Заученно шепчу это, глядя в пол. Ларсен проходит мимо так стремительно, что подол сутаны кажется крыльями. Я действительно благодарна: у самой нет сил на теплые слова для отца и матери, нет сил вообще ни на что, с трудом получается даже дышать. А пастор скажет, что нужно. Подарит родителям смирение и стойкость. Несмотря на резкость, у Ларсена подобраны ключи ко всем душам общины; душа отца, открытая неординарности и честности, непременно отзовется на христианское утешение, а с ней рука об руку выйдет к свету мамина. Жаль, моя душа забилась слишком глубоко в потемки.
— Постарайтесь хотя бы при мистере и миссис Бернфилд не упоминать о братьях Блумквистах и их привычке терять внутренние органы покойников.

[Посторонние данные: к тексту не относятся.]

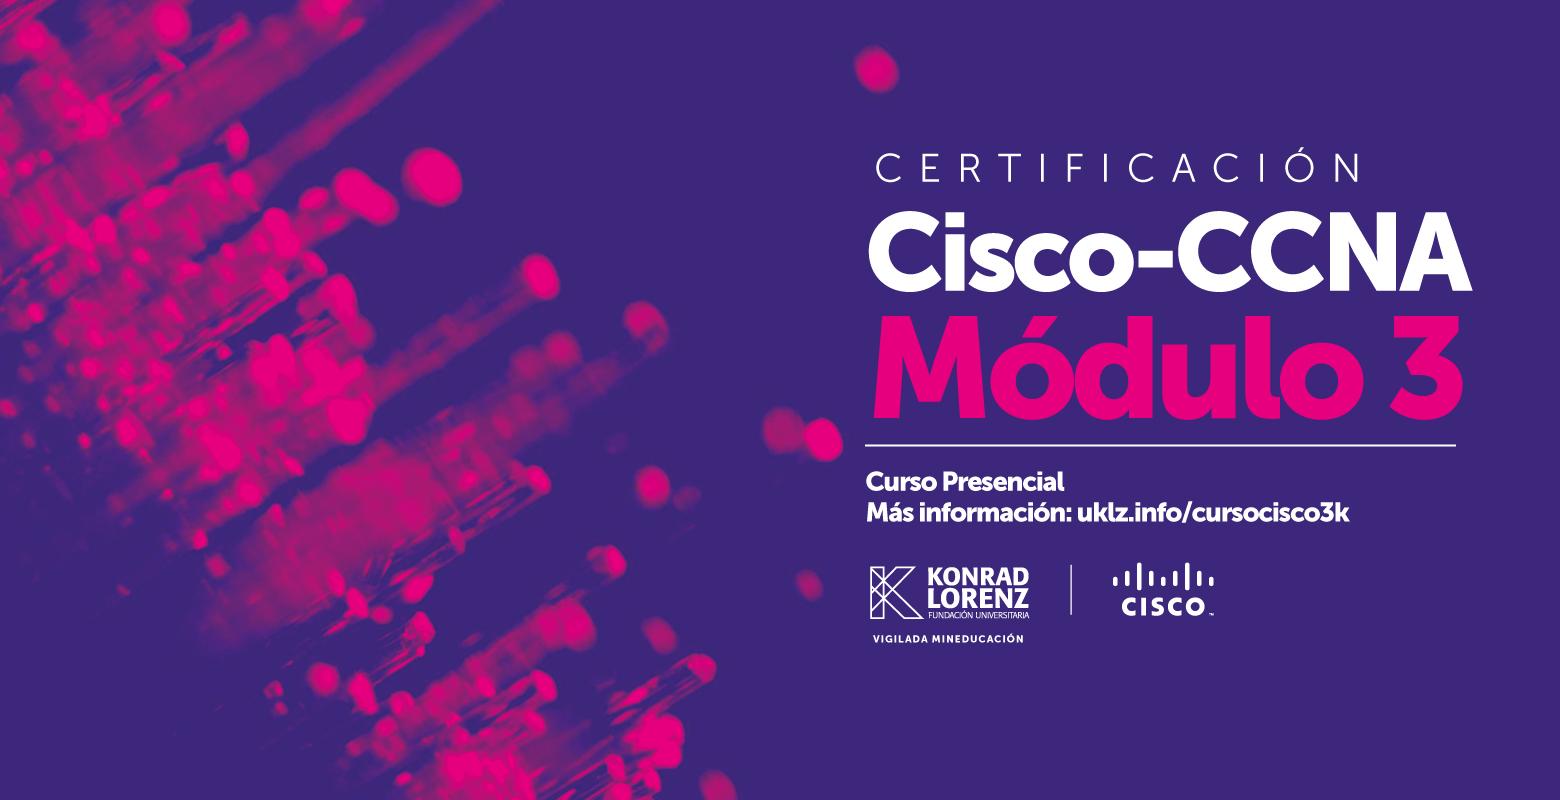 Curso para la Certificación Cisco CCNA - Módulo 3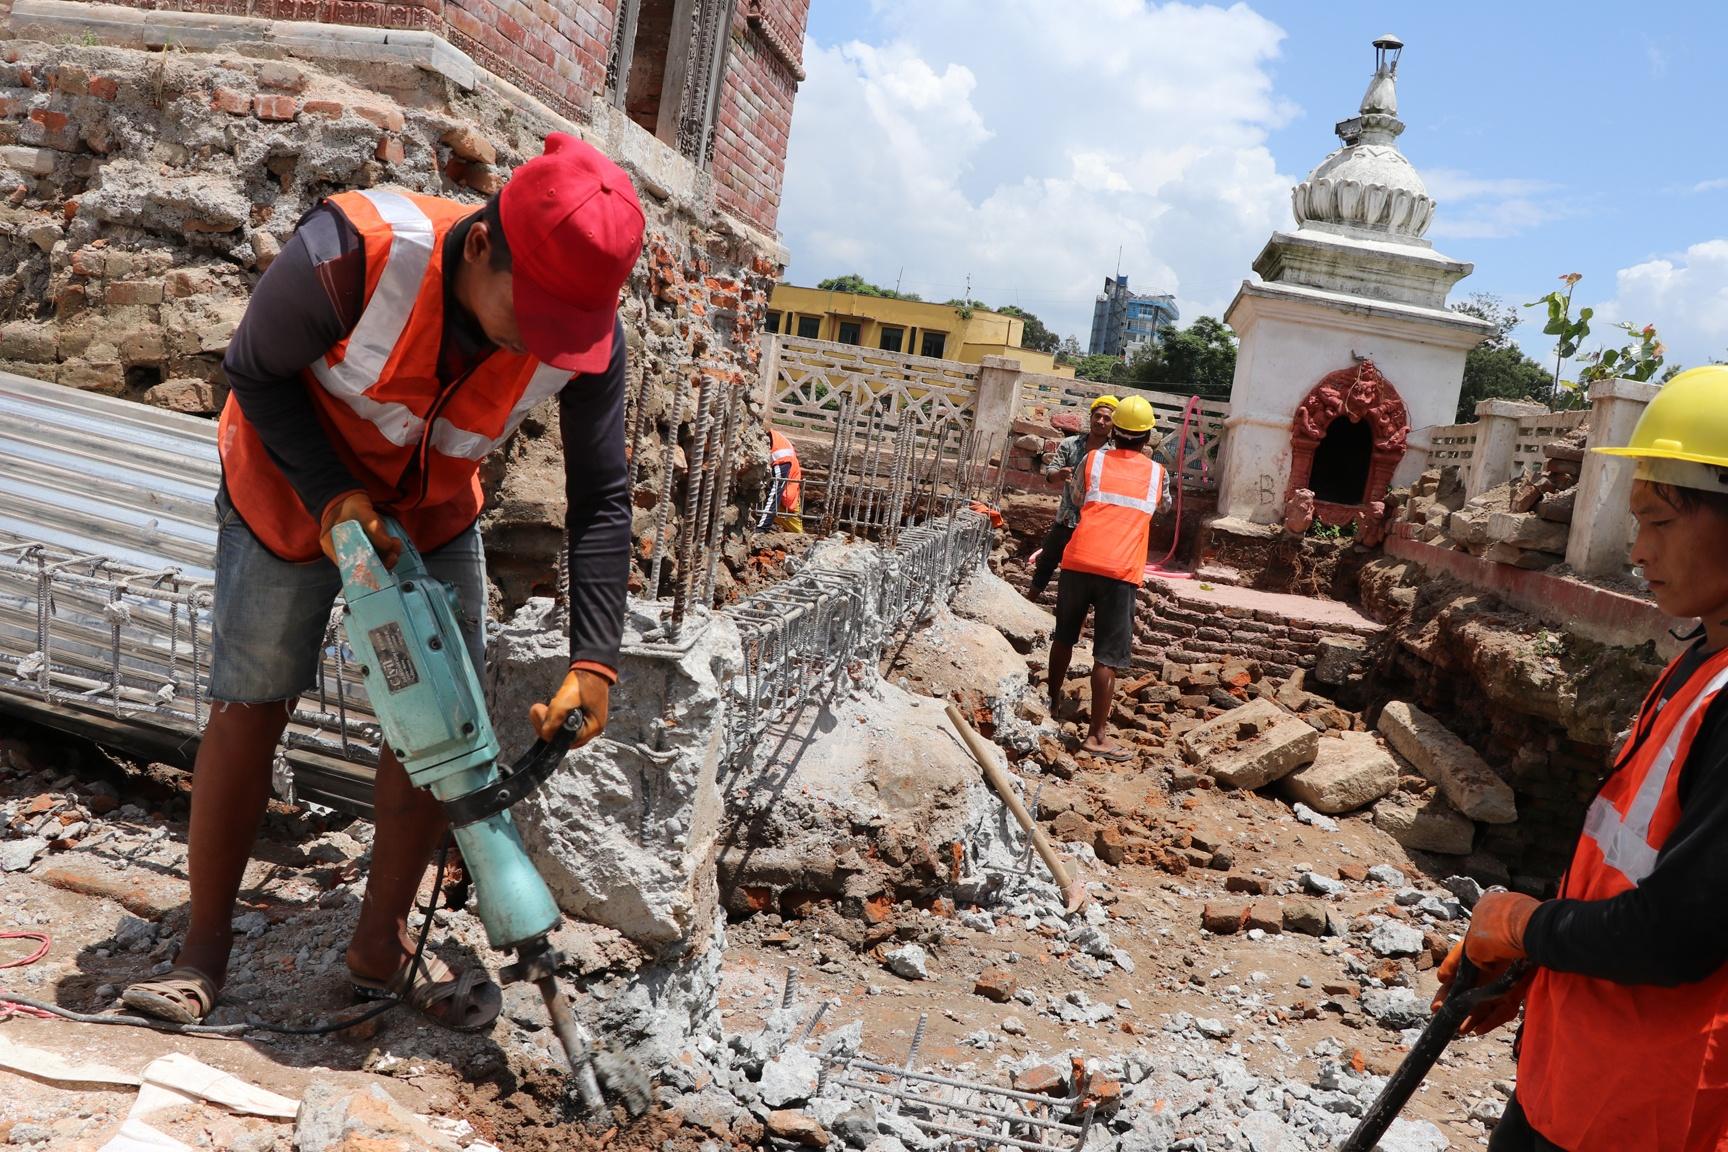 रानीपोखरीको बालगोपालेश्वर मन्दिरको शिखर शैलीमा पुनर्निर्माण सुरु

Доктор Адамс сухо бросает это в спину Ларсену; тот, уже взявшийся за ручку двери, замирает. Не вижу лица, но не сомневаюсь: там ни капли гнева. Преподобный неизменно отлично владеет собой.
— Постарайтесь, чтобы никому не пришлось вспоминать об этой досадной привычке на погребении. За сим прощайте.
Он выходит. Мы с доктором остаемся вдвоем, и я обессиленно кусаю губы. Страх не давал плакать при пасторе, даже в первые мгновения после того, как Джейн сомкнули веки. Но больше я не могу держаться; рыдания рвутся горькой волной. Оседаю на пол, теряя опору, приваливаюсь плечом к ножке стола. Я жалка… похожа на мышь. И, наверное, я сейчас задохнусь. Стыд. Надо держать лицо, держать при посторонних, да и Джейн, разве Джейн бы понравилось это? Но…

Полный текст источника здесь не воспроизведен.